Well unfortunately the people actively defending the view that compute will be a bottleneck haven’t been specific about what the think the functional form is. They’ve just said vague things like “compute for experiments is a bottleneck”. In that post I initially gave the simplest model for concretising that claim, and you followed suite in this post when talking about “7 OOMs”, but I don’t think anyone’s said that model represents their view than the ‘near frontier experiments’ model.
Hmm, I’m not sure I buy the analogy here. Can’t people just run parametric experiments at smaller scale? E.g., search over a really big space, do evolution style stuff, etc?
At a more basic level, I think the relevant “frontier scale” wasn’t varying over the 7 OOMs of compute difference as the algorithmic progress keeps multiplying through the relevant scales and AI companies are ultimately trying to build AGI at whatever scale it takes right? Like I think the view would have to be that “frontier scale” varied along with the 7 OOMs of compute difference, but I’m not sure I buy this.
Yeah agree parametric/evolution stuff changes things.
But if you couldn’t do that stuff, do you agree cognitive labour would plausibly have been a hard bottleneck?
If so, that does seem analogous to if we scale up cognitive labour by 3 OOMs. After all, i’m not sure what the analogue of “parametric experiments” is when you have abundant cognitive labour and limited compute.

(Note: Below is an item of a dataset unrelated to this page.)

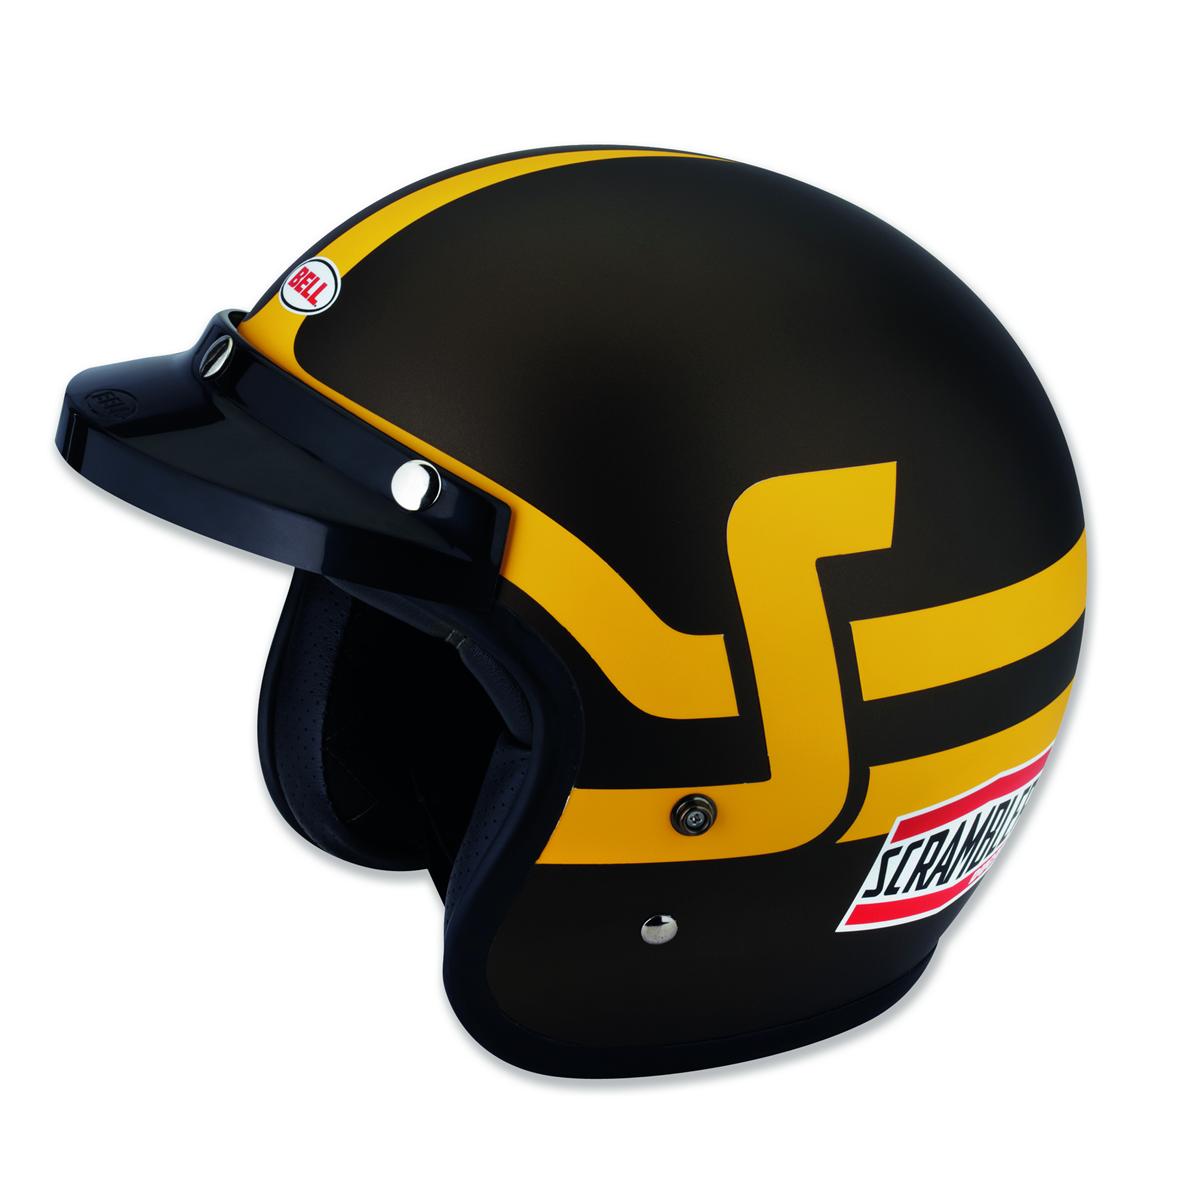 casque jet ducati scrambler short track s team motos. Black Bedroom Furniture Sets. Home Design Ideas

Wait, why not? I’d expect that the compute required for frontier-relevant experimentation has scaled with larger frontier training runs.
What is frontier scale and why is this a property that varies over time? Like I care about algorithmic improvement relevant to milestones like automated AI R&D and beyond, so I don’t see why the current amount of compute people use for training is especially relevant beyond its closeness to the ultimate level of compute.
Researchers have had (and even published!) tons of ideas that looked promising for smaller tasks and smaller budgets but then failed to provide gains—or hurt more than they help—at larger scales, when combined with their existing stuff. That’s why frontier AI developers “prove out” new stuff in settings that are close to the one they actually care about. [1]
Here’s an excerpt from Dwarkesh’s interview with Sholto and Trenton, where they allude to this:
[1] Unfortunately, not being a frontier AI company employee, I lack first-hand evidence and concrete numbers for this. But my guess would be that new algorithms used in training are typically proved out within 2 OOM of the final compute scale.
Sure, but worth noting that a strong version of this view also implies that all algorithmic progress to date has no relevance to powerful AI (at least if powerful AI trained with 1-2 OOMs more compute than current frontier models).
Like, this view must implicitly think that there is a different good being produced over time, rather than thinking there is a single good “algorithmic progress” which takes in inputs “frontier scale experiments” and “labor” (because frontier scale isn’t a property that exists in isolation).
This is at least somewhat true as algorithmic progress often doesn’t transfer (as you note), but presumably isn’t totally true as people still use batch norm, MoE, transformers, etc.
Yes, I think that what it takes to advance the AI capability frontier has changed significantly over time, and I expect this to continue. That said, I don’t think that existing algorithmic progress is irrelevant to powerful AI. The gains accumulate, even though we need increasing resources to keep them coming.
AFAICT, it is not unusual for productivity models to account for stuff like this. Jones (1995) includes it in his semi-endogenous growth model where, as useful innovations are accumulated, the rate at which each unit of R&D effort accumulates more is diminished. That paper claims that it was already known in the literature as a “fishing out” effect.